AIda looked at him sideways. “You’ve got your work cut out for you,” is all she offered. “Come, I’ll show you.
They entered one of the buildings, but instead of the traditional greeting by an array of locals, AIda stopped and brandished an arm out for him to roam free, but Andy stopped in his tracks.
His ancestors were thin, pale, and oddly mechanical looking beings. They gave little indication of acknowledging his presence, none really. They were mostly sitting about, strolling very slowly or laying back to look up through the clear roof and into the low false atmosphere clouds that shifted above.
There were some similarities that he could see between himself and these creatures. They both had digital interfaces that glowed through their skin, intricate mirco optics that lit up their eyes, and a thin augmentor skin over the real epidermis. Andy looked down at his own arms and augmentor, now fused with his biological self to protect against the elements. He looked back at AIda.
“You’re telling me I need to adjust the Filter on this lot?” he said.
She nodded, “I’ll leave you to it, get settled in, and give me a shout whenever you need a hand.” She disappeared back into the gardens, then called through his tele-com, “don’t underestimate these ones, the L.INCed, they’ve got everything, they’re all one another. It’s weird, they’re still a human-kind more than humans per se, but you’ll manage. It’s the AI in there that’s got them all out of whack.”
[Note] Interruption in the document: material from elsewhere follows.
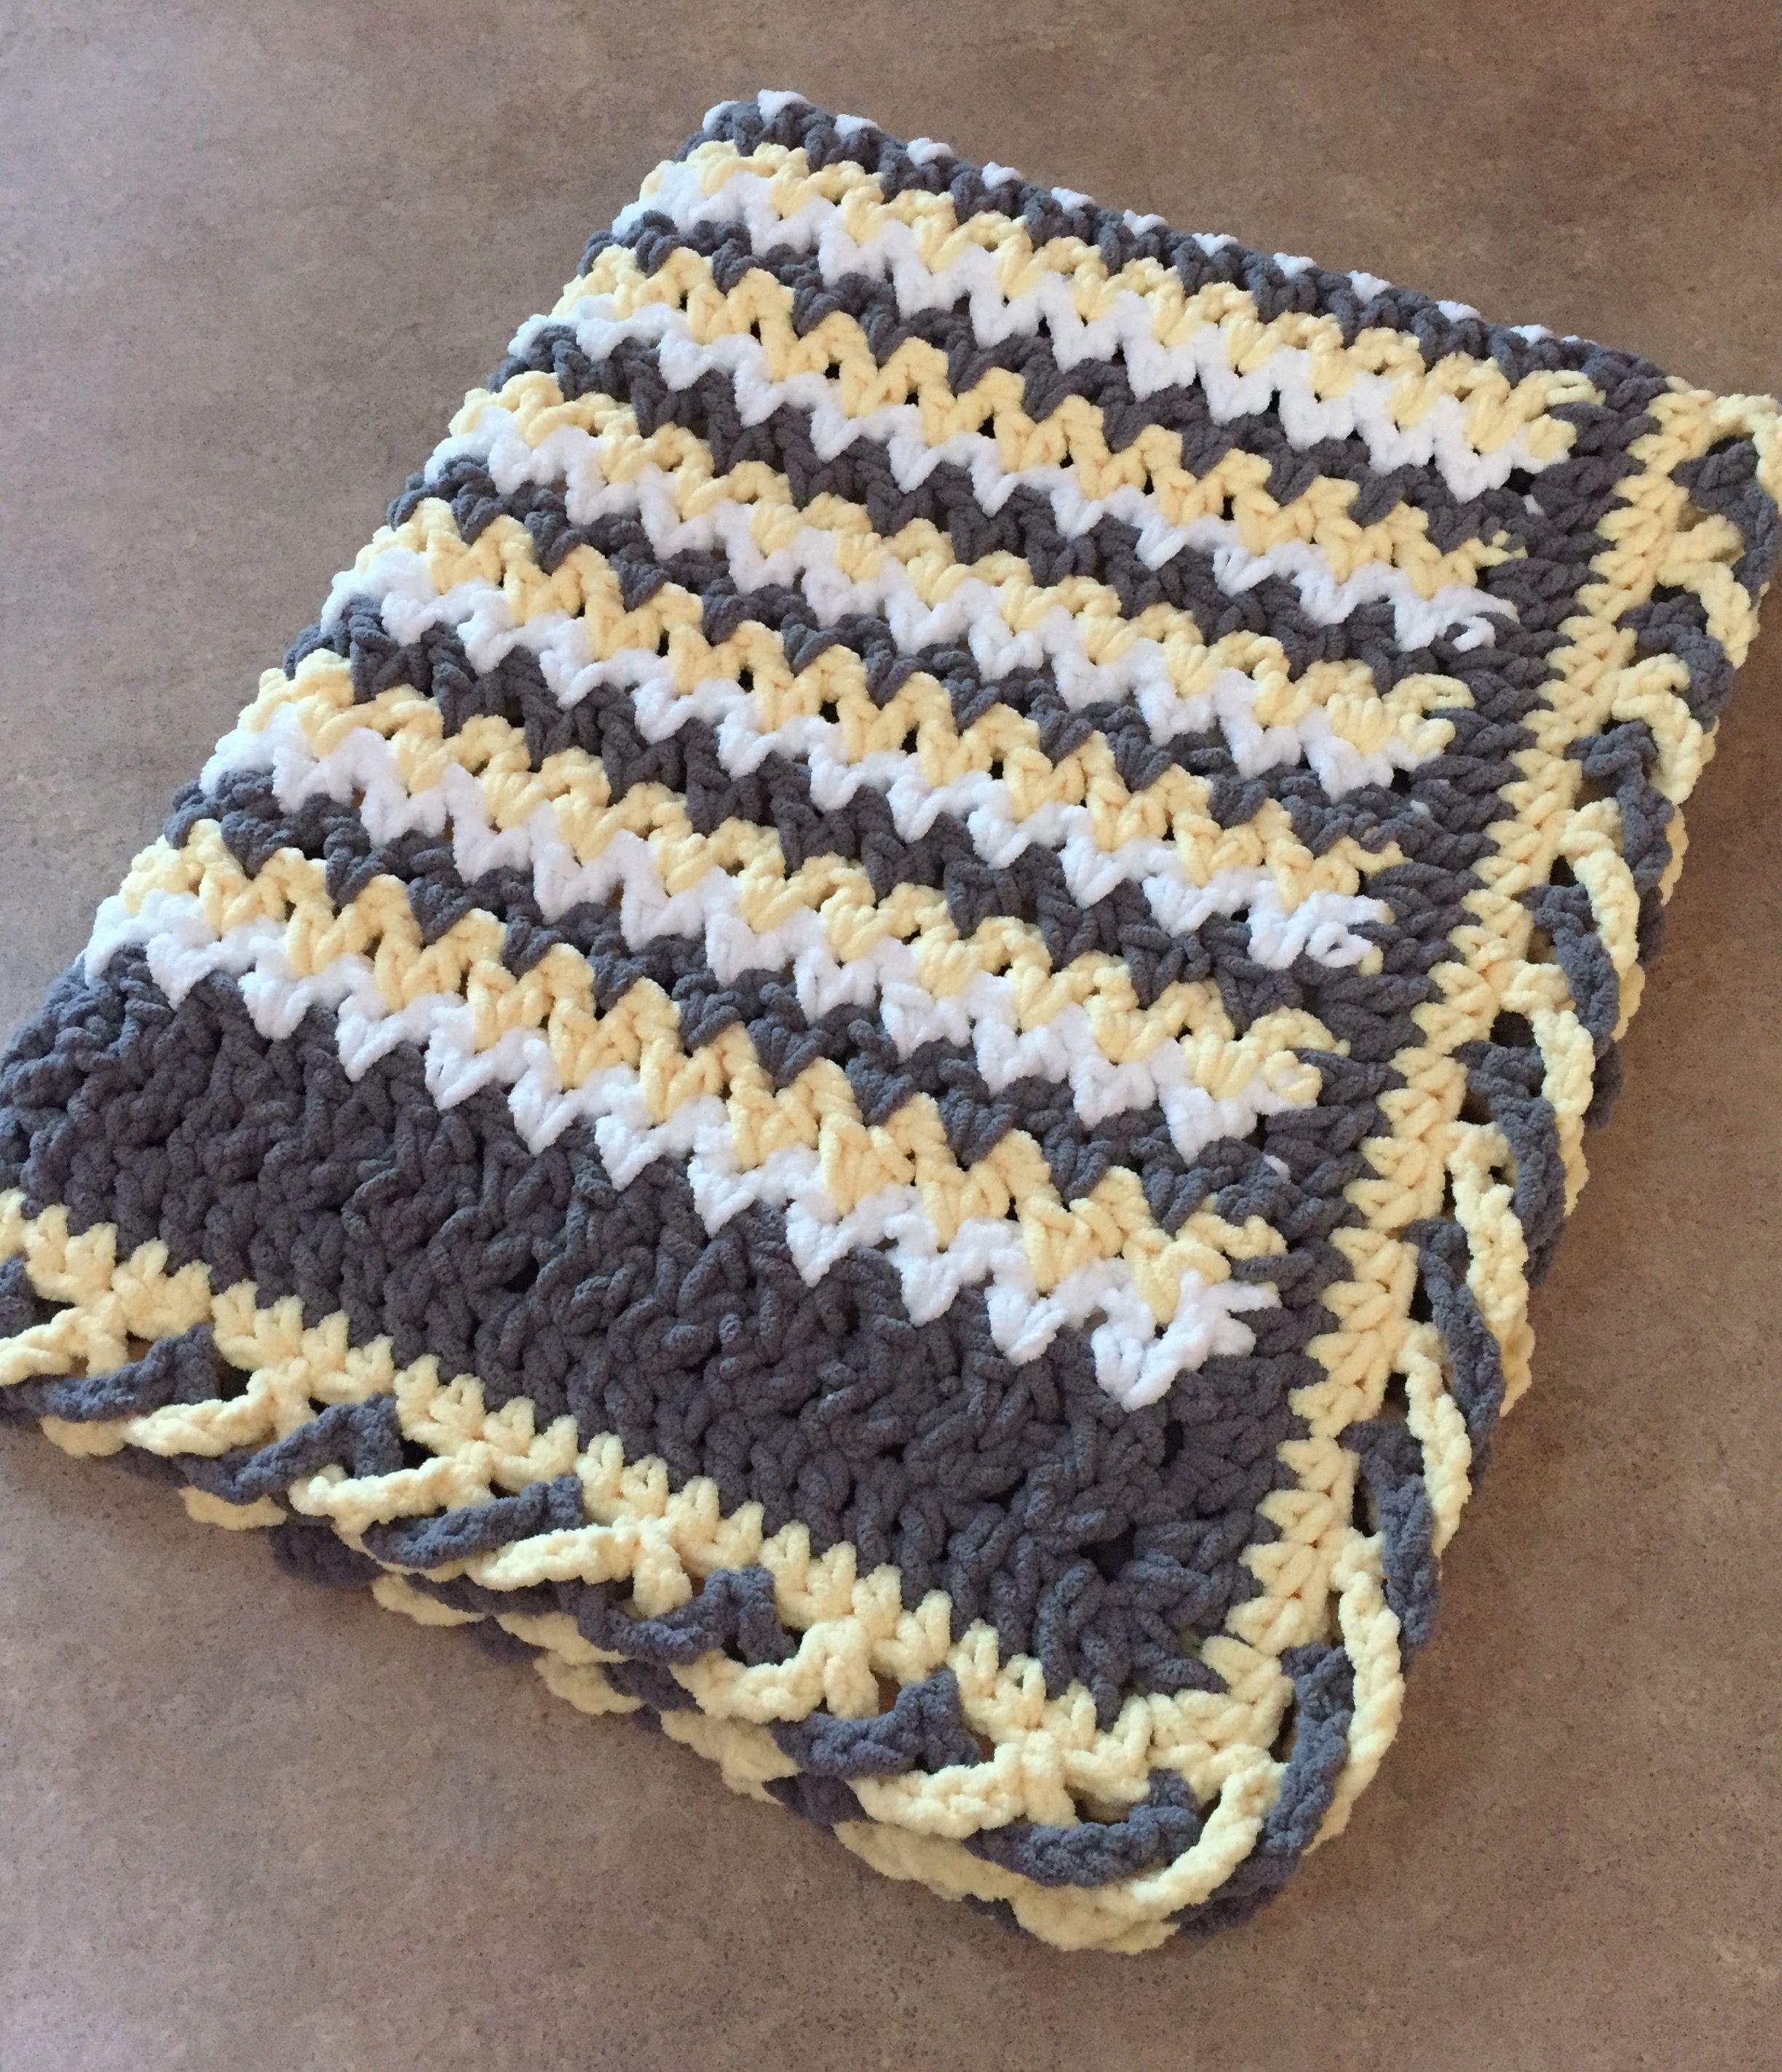 Crib Size Blanket Yellow/white/gray with crisscross edge. Super soft ...

Right, he thought. The program put in there to protect the population had missed an exclusivity phrase, filtering out the crumbling world. The place looked and felt fine between optiks and bioskins, making wearers oblivious to the toxicity of the biosphere. It had all started with the digital filters on simple screens they used back then. Then, the first optik lenses auto-enhanced directly through contacts, then, the L.INC plugged it into their neural system, and then, the AI optimizer filtered out the hurricanes, floods, and storms. It was supposed to keep this lot stress free, safe, and secure, and it had, by taking the easy way out. Pollution, smog and fires razed the planet. When the AI was on its last legs, it called in to central control to declare the eminent emergency. The Filters could only hide destruction- they couldn’t save a dying planet. It had almost been too late when Central Station was alerted and the first environmentalists and adjusters deployed.
Now, it was Andy’s turn, to check the Filters and re-align the AI phrasing. He greenlit all safety protocols and gently tapped one of his ancestors on the shoulder. ”It’s your lucky day,” he said, “it’s time to open your eyes.”